Next, an original reading operation will be explained. When the CISSTART signal 902 is input, the CIS sensor 901 starts accumulating charges based on light which has been emitted by the light emitting unit 907, reflected by the original G, and received. The CIS sensor 901 sequentially sets the charge data accumulated in an output buffer 904. The timing generator 917 outputs, to the shift register 905, the CISCLK signal 915 having a clock frequency of, for example, about 500 kHz to 1 MHz. The shift register 905 outputs the charge data set in the output buffer 904 as the CISSNS signal 918 to the A/D converter 908 in synchronism with the input CISCLK signal 915. Since the CISSNS signal 918 has a predetermined data assurance area, the A/D converter 908 needs to sample the CISSNS signal 918 a predetermined time after the leading edge of the CISCLK signal 915 serving as a transfer clock. The shift register 905 outputs the CISSNS signal 918 in synchronism with both the leading and trailing edges of the CISCLK signal 915 serving as a transfer clock. The timing generator 917 generates the ADCLK signal 916 serving as a clock for sampling the CISSNS signal 918, so that the frequency of the ADCLK signal 916 becomes double the frequency of the CISCLK signal 915. The CISSNS signal 918 is sampled at the leading edge of the ADCLK signal 916. The timing generator 917 divides the frequency of the input SYSCLK signal 914 serving as a system clock, generating the ADCLK signal 916 and the CISCLK signal 915 serving as a transfer clock. The phase of the ADCLK signal 916 is delayed from that of the CISCLK signal 915 serving as a transfer clock by the data assurance area.

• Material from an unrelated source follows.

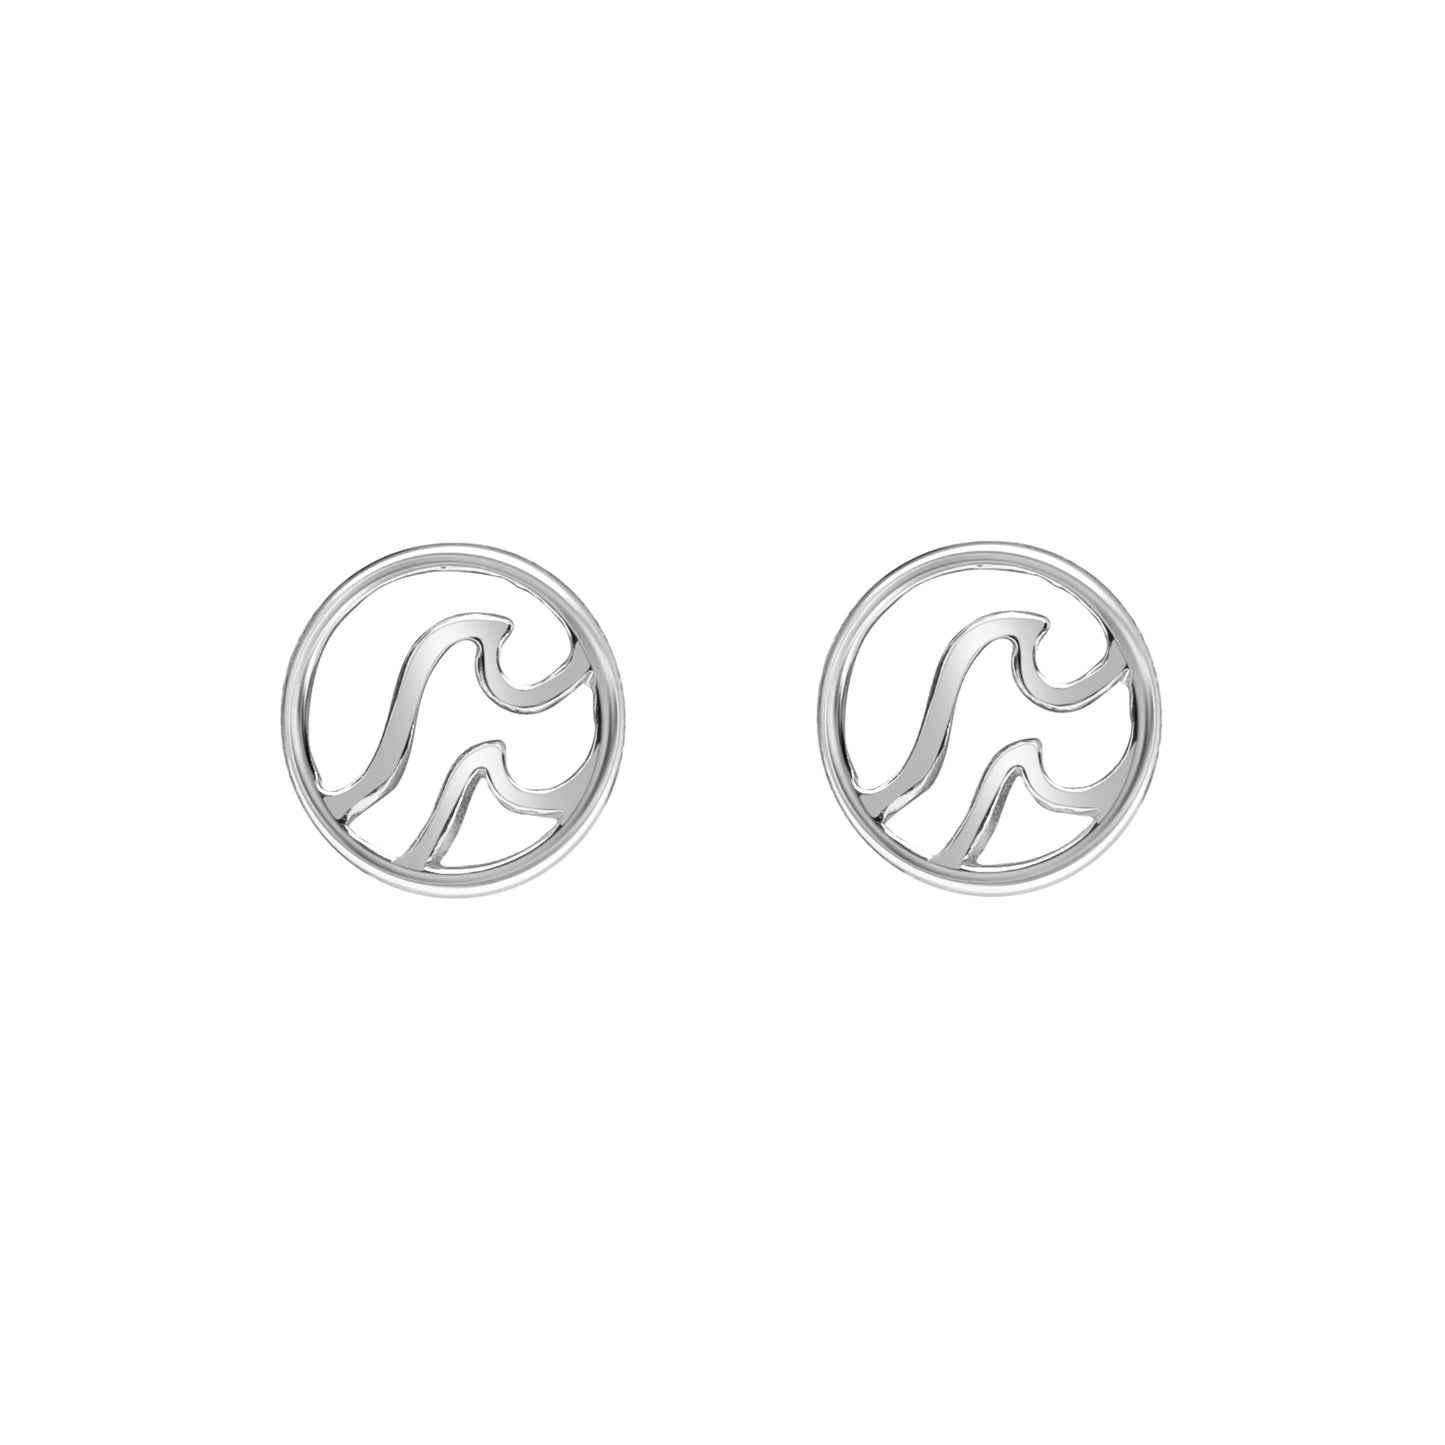 Sterling Silver Circular Dual Wave Stud Earrings
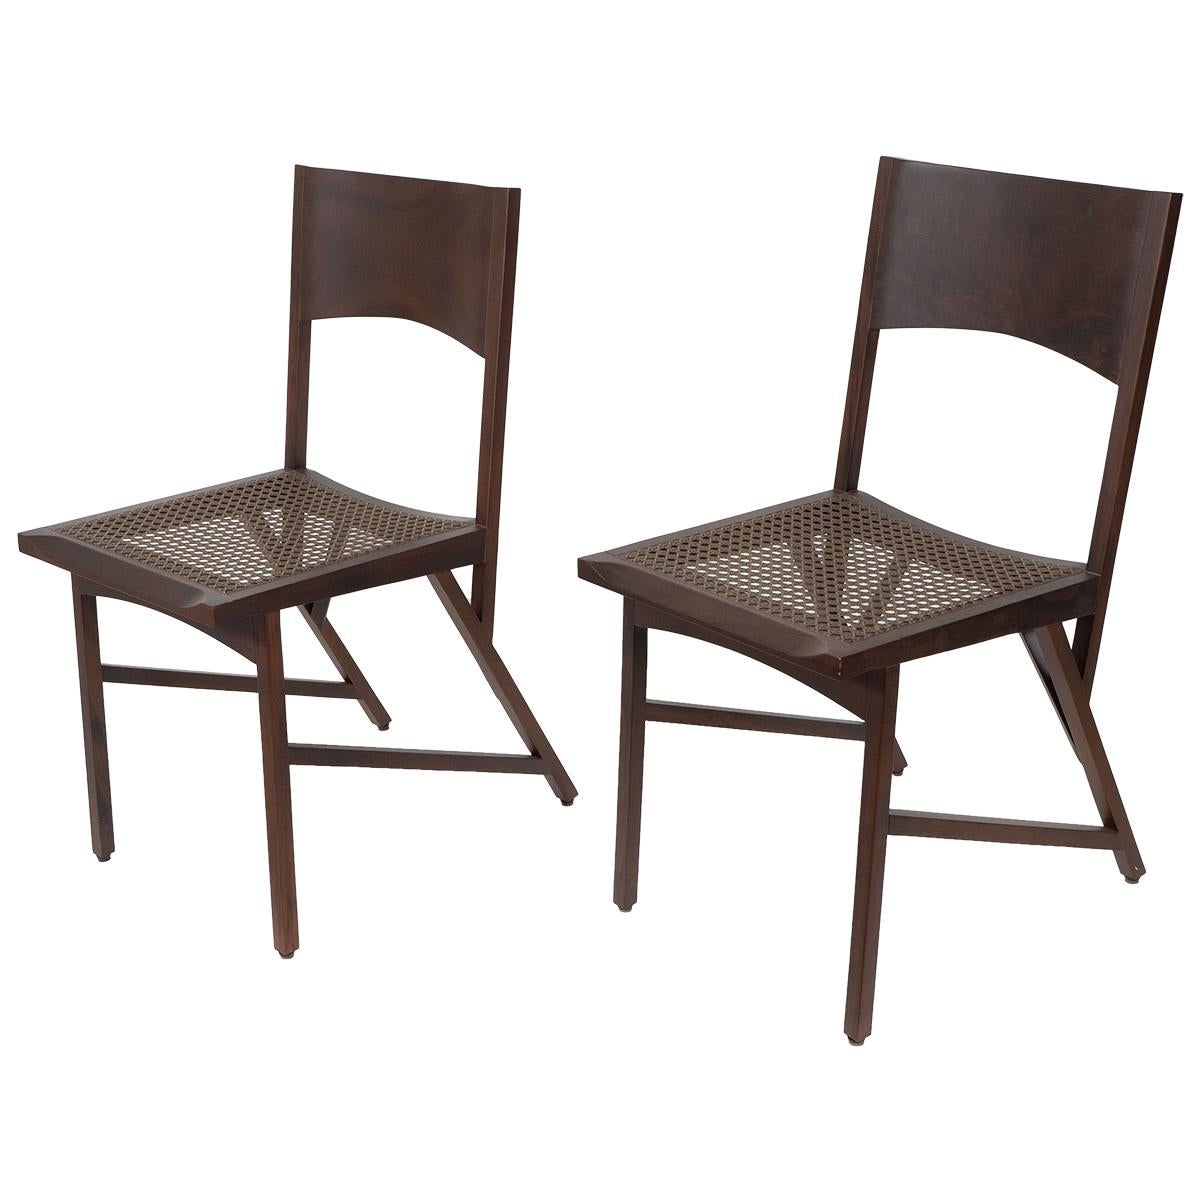 Ein Paar Stühle aus Korbgeflecht und seltenem brasilianischem Holz von Paolo Alves in limitierter Auflage

The CISSNS signal 918 is digitized by the A/D converter 908, and output to an output interface circuit 909. The output interface circuit 909 outputs the CISSNS signal 918 as the Sl_out signal 910 of serial data at a predetermined timing. At this time, an analog output reference voltage is output for the CISSNS signal 918 corresponding to a predetermined number of pixels from the CISSTART signal 902 serving as a start pulse, and these pixels cannot be used as effective pixels.
A control circuit 911 controls the A/D conversion gain of the A/D converter 908 based on the Sl_in signal 912 and Sl_select signal 913 from the CPU 801 via the ASIC 802. For example, when the contrast of a read original image cannot be obtained, the CPU 801 increases the A/D conversion gain of the A/D converter 908 to increase the contrast, and an original can always be read with a best contrast.
An apparatus arrangement in which image information of all pixels is output as the CISSNS signal 918 serving as one output signal has been described. However, pixels may be divided into respective areas for high-speed original reading, and pixel data of a plurality of areas may be A/D-converted simultaneously. An embodiment in which the original reading unit 100 uses the CIS sensor has been explained, but the CIS sensor can be replaced with a CMOS sensor, CCD sensor, or the like.
[Timing Control in Single-Sided Reading of Original and Single-Sided Print of Recording Material]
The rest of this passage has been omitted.